▶ [WHAT THIS TASK INVOLVES]
Go through the lines below and copy each one that holds the string "direction".
────
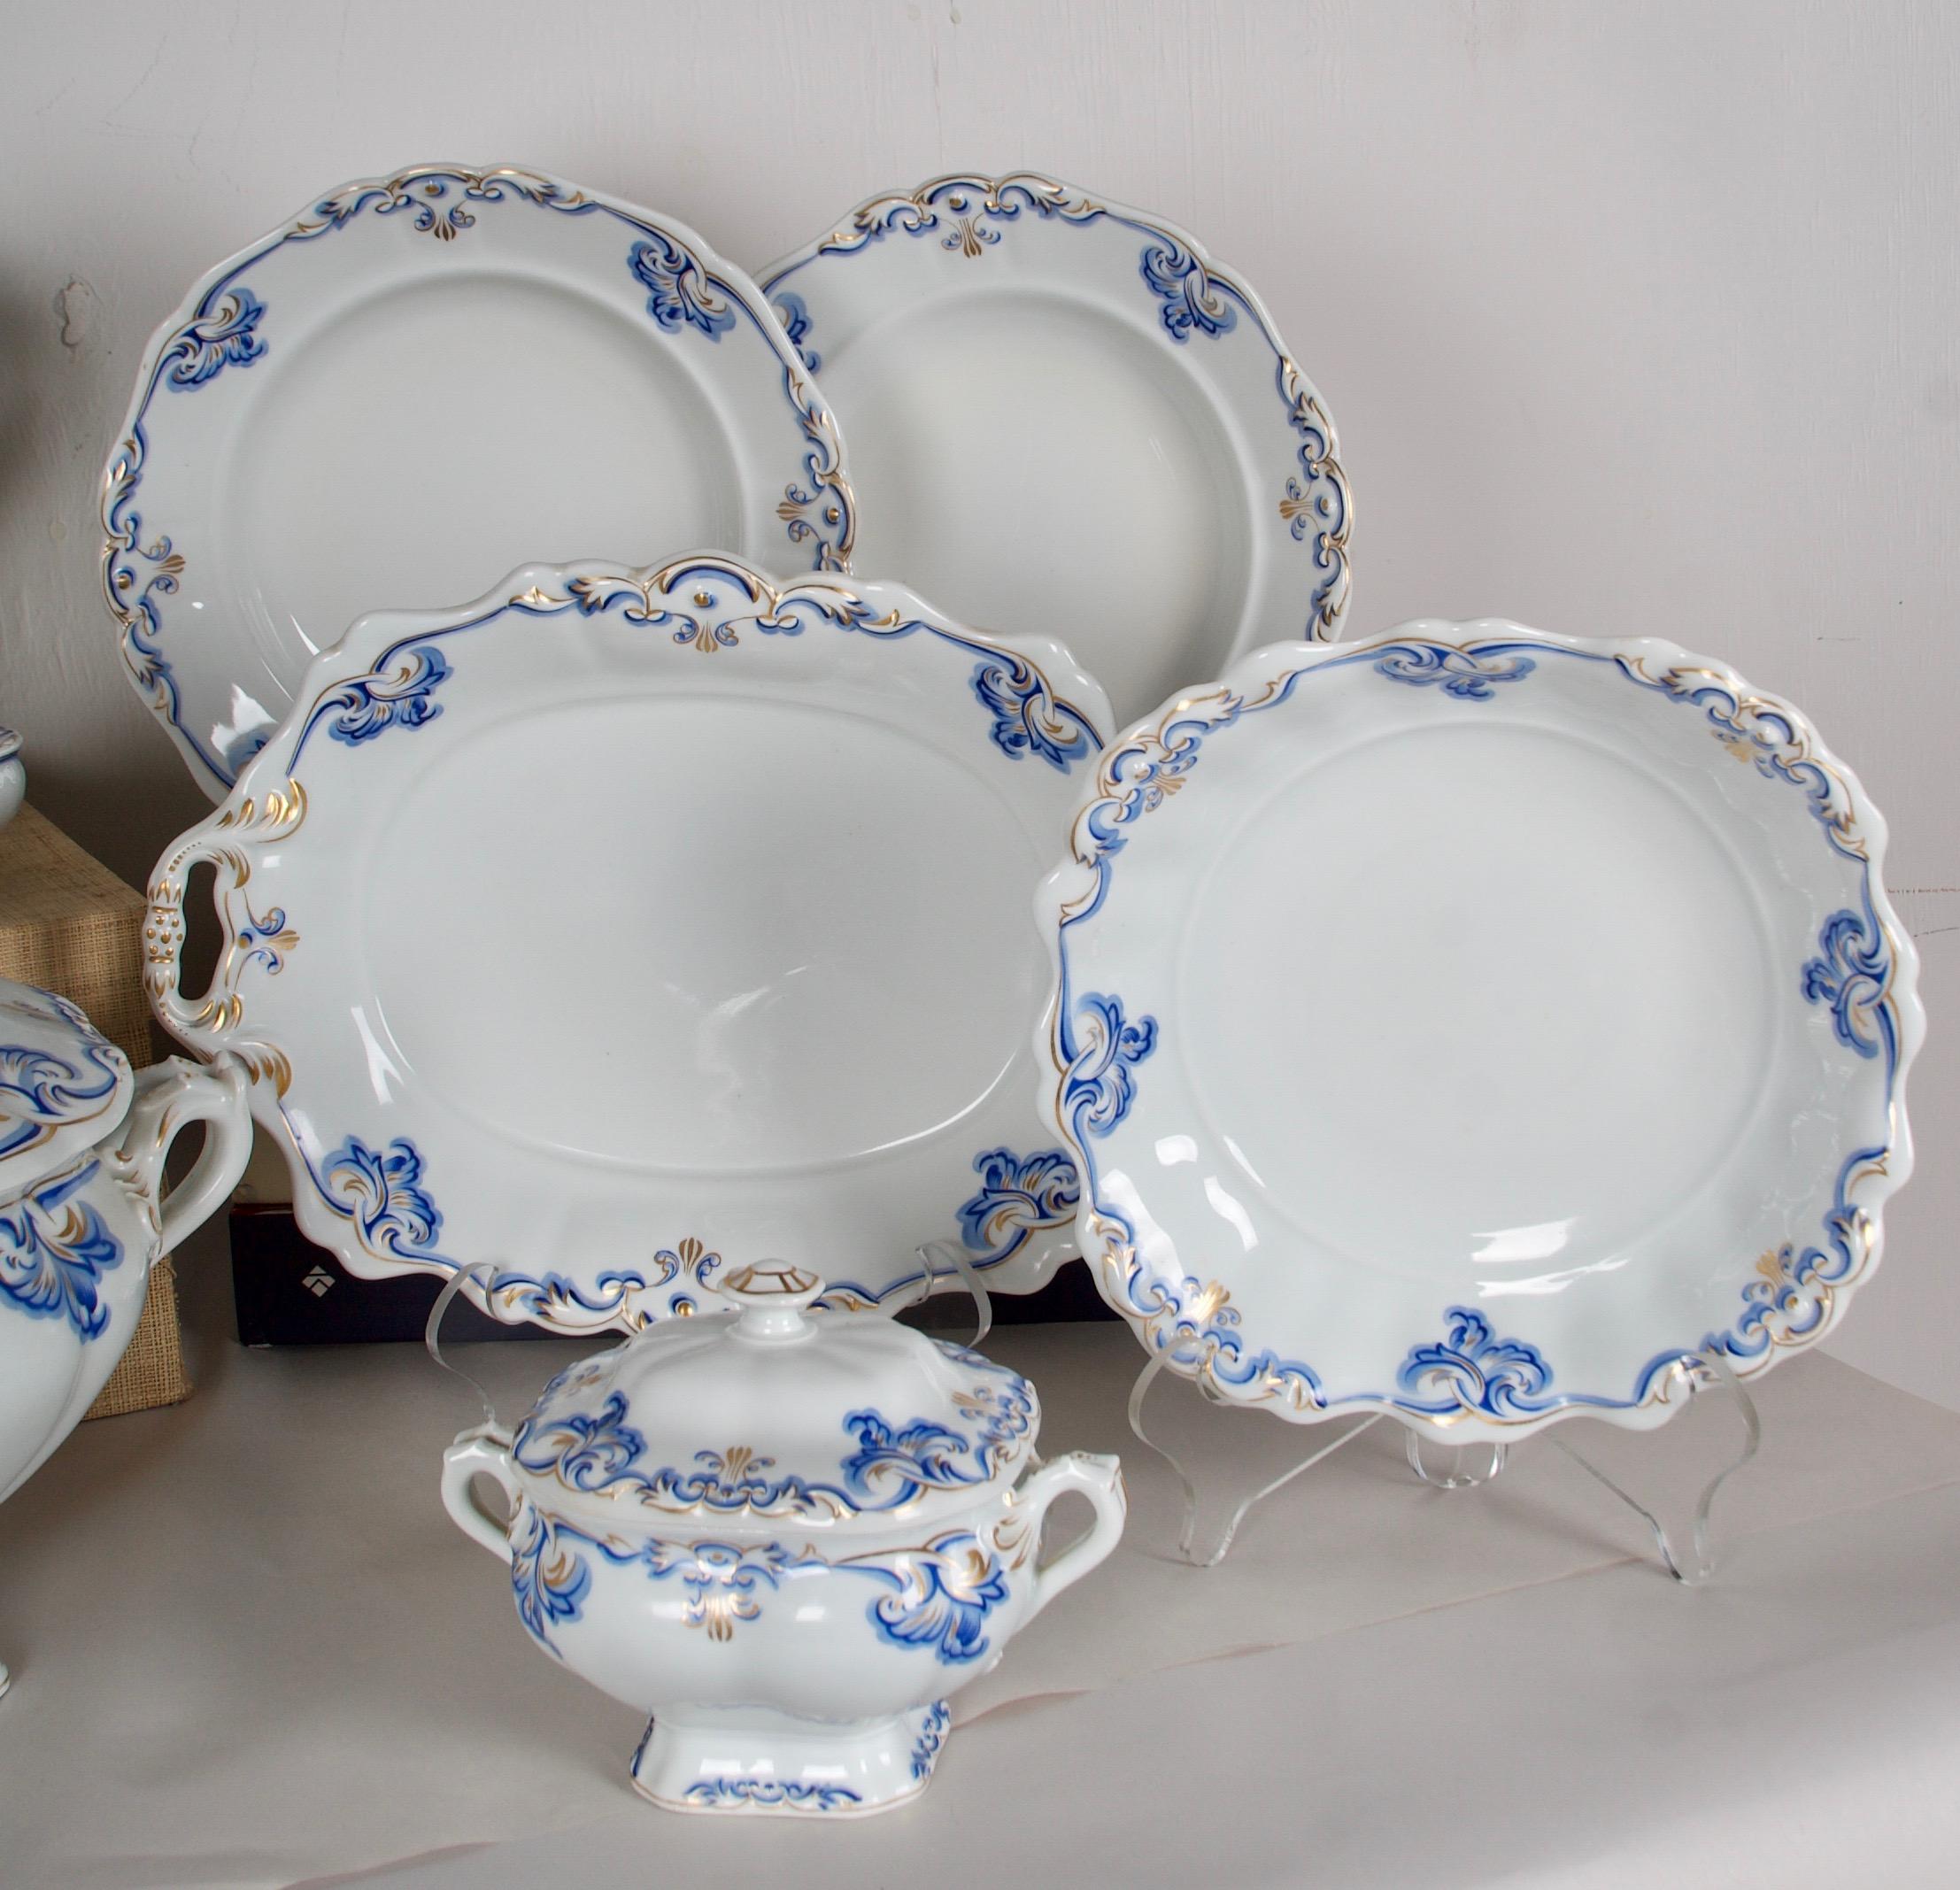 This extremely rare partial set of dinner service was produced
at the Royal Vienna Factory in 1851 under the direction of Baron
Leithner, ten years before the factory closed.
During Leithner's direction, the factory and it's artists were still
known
────
▶ [ANSWER TO THE EXERCISE]
at the Royal Vienna Factory in 1851 under the direction of Baron
During Leithner's direction, the factory and it's artists were still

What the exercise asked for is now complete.